Asthma

Question 1

What are the three characteristic pathological features of asthma?

Answer 1

Increased outflow obstruction/airway resistance, causing a wheeze.
Hyper-responsiveness of airways to allergens (i.e. Harmless antigen)
Airway remodelling, notably smooth muscle cell hyperplasia and hypertrophy.

Question 2

What factors increase airway resistance during an asthma attack?

Answer 2

• mucus hyper-secretion
• epithelial cell shedding
• smooth muscle contraction
• inflammation resulting in oedema

Question 3

Describe the distribution of sympathetic nervous innervation within the respiratory system.

Answer 3

The sympathetic system ultimately acts to improve airflow within the airways. SNS fibres innervate bronchial blood vessels and glands, however do not innervate bronchial smooth muscle.

However, receptors (B2) are present on airway smooth muscle, which responds to circulating adrenalin. Activation of these receptors reduces histamine release, increase mucocillary clearance and dilates airway smooth muscle.

Question 4

Describe the distribution and function of the parasympathetic nervous system in the airways.

Answer 4

The PNS fibres innervate the bronchial glands, vasculature and smooth muscle of the airways, ultimately resulting is reduced airflow, increased muscular secretion and vasodilation. This branch of the autonomic nervous system is dominant at rest.

Question 5

What is the pathophysiological difference between the immediate and late phase response in asthma?

Answer 5

The immediate response is a type I hypersensitivity reaction in which a sensitised individual has IgE cross linking on the surface of mast cells, resulting in degranulation and smooth muscle cell contraction, oedema and mucus secretion.

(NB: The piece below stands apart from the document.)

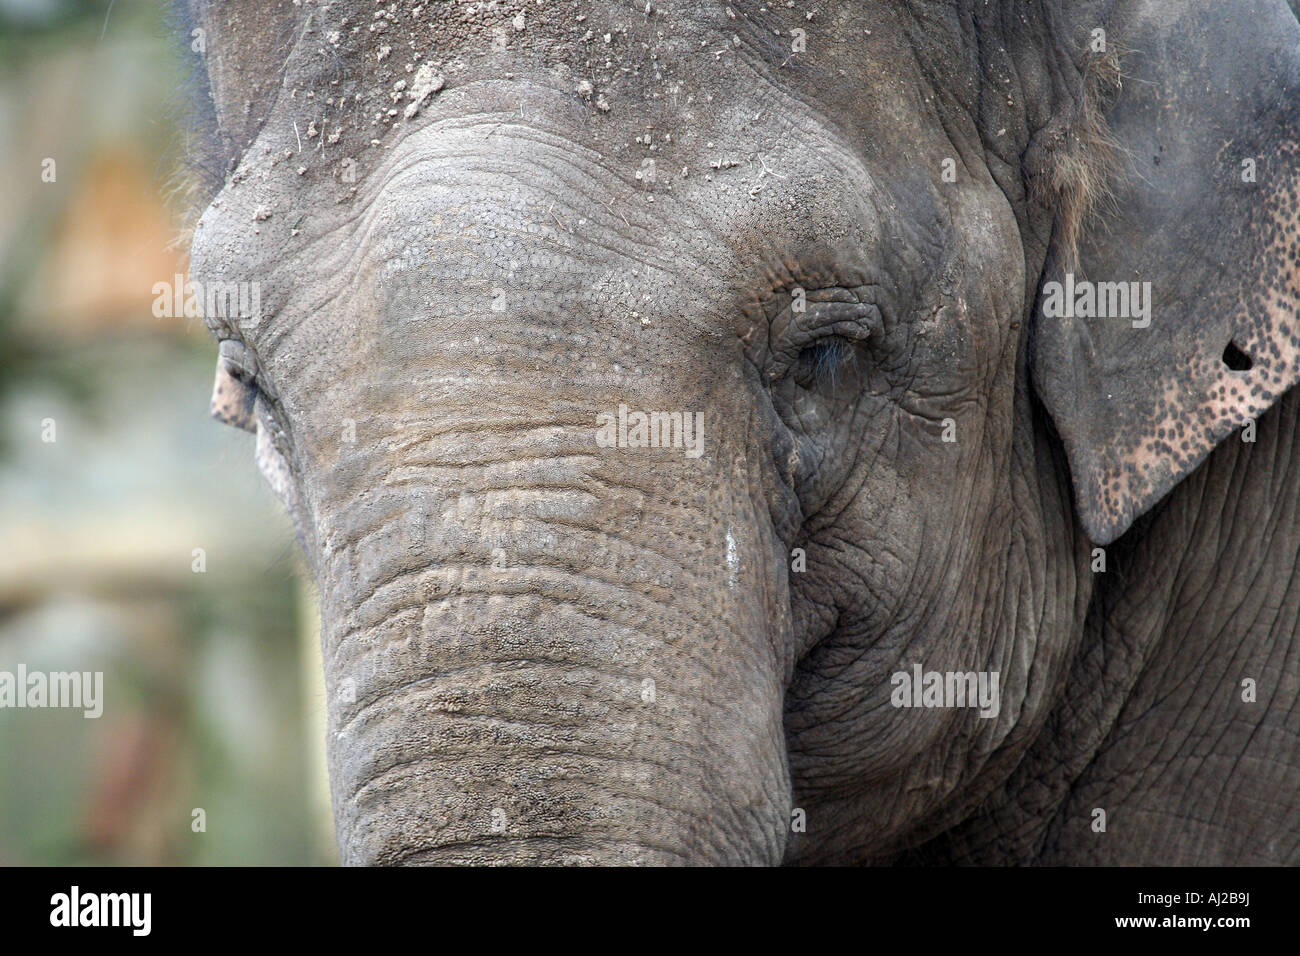 Portrait de l'éléphant d'montrant son visage, qu'on voit ici dans le parc national Kruger en Afrique du Sud. Banque D'Images

The late phase response is an example of a type IV hypersensitivity in which initial T-cell sensitisation occurs, with later activation upon exposure to antigen, resulting in cytokinemediates infiltration of lymphocytes, eosinophils and neutrophils. This results in mucus secretion, inflammation and epithelial shedding into mucus.

Question 6

What is the difference between allergic and non-allergic asthma?

Answer 6

Allergic asthma is generally younger onset asthma in which patients response to allergens such as dust or pet hair, resulting in an IgE mediated allergic reaction in the airways.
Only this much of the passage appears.